- INFORMATION PROVIDED
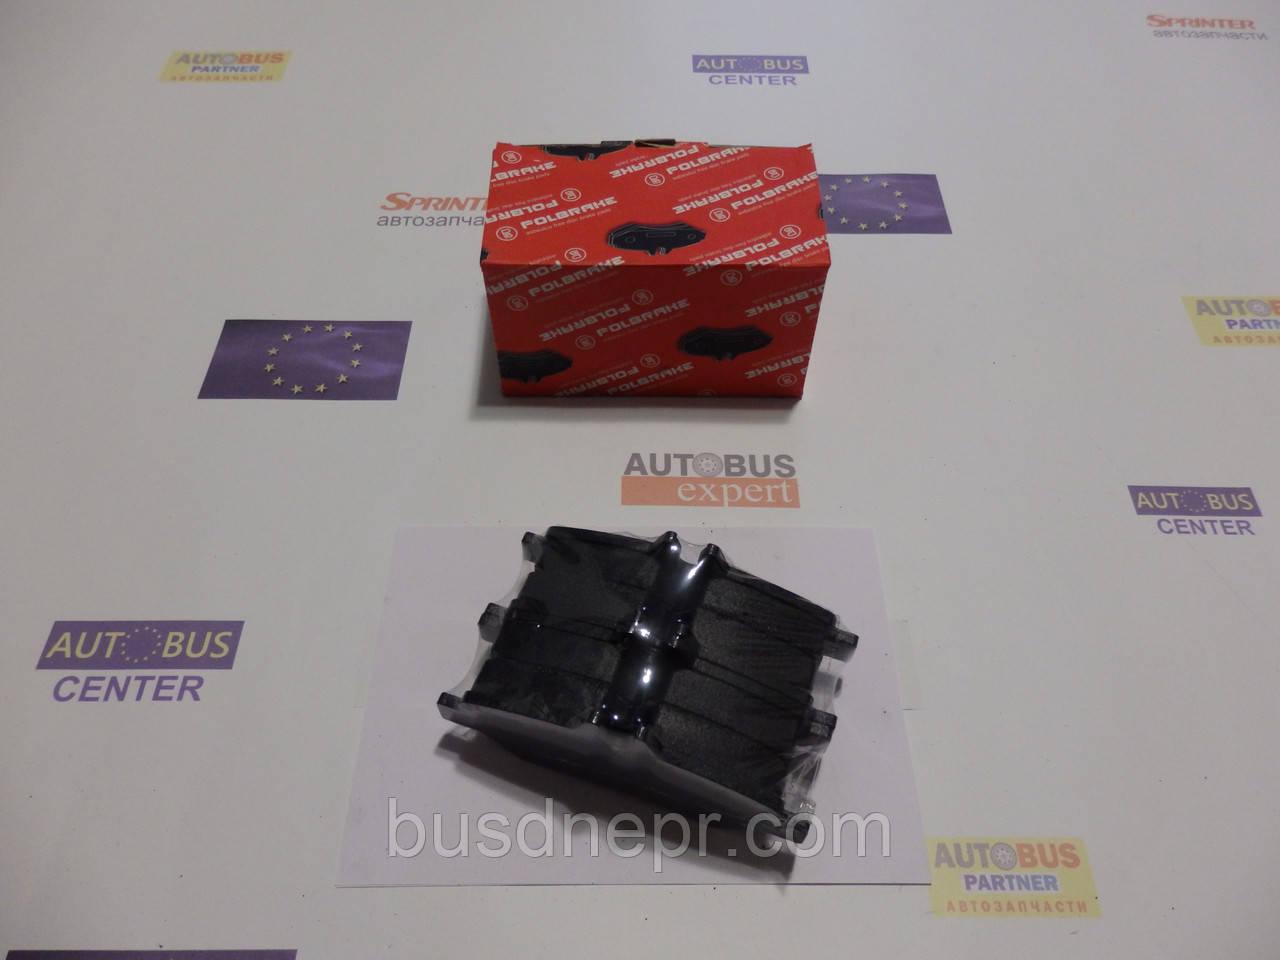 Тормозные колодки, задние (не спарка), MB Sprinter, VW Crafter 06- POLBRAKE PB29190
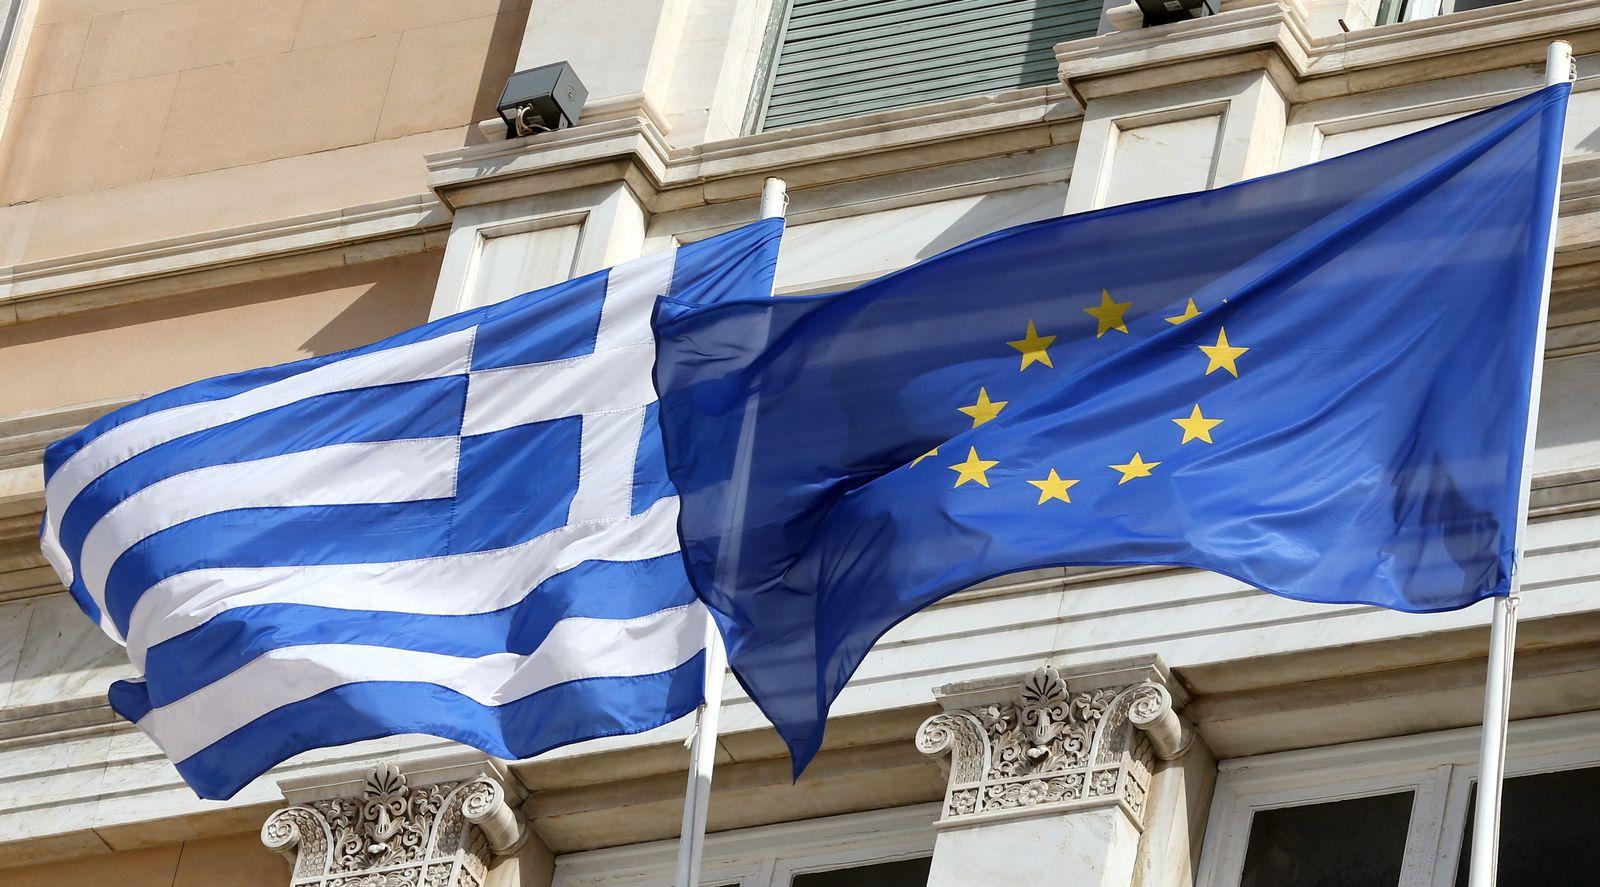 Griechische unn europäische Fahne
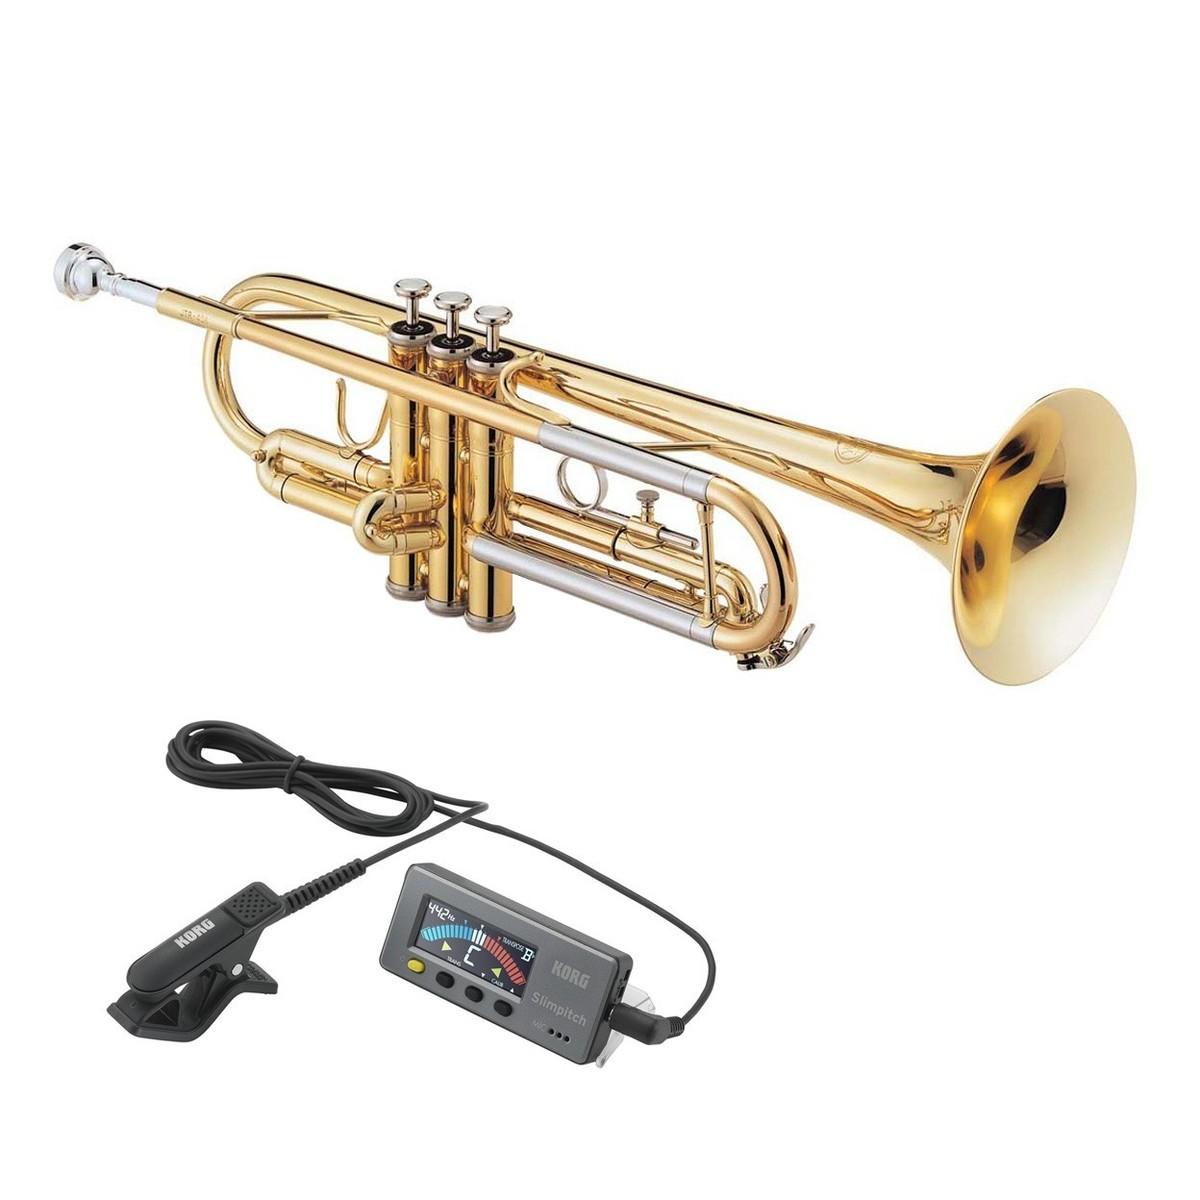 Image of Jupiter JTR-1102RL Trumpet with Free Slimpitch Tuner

- PROBLEM DETAILS
The listing above is to be retyped exactly, with all pictures left out.

- RESPONSE
 Тормозные колодки, задние (не спарка), MB Sprinter, VW Crafter 06- POLBRAKE PB29190
 Griechische unn europäische Fahne
 Image of Jupiter JTR-1102RL Trumpet with Free Slimpitch Tuner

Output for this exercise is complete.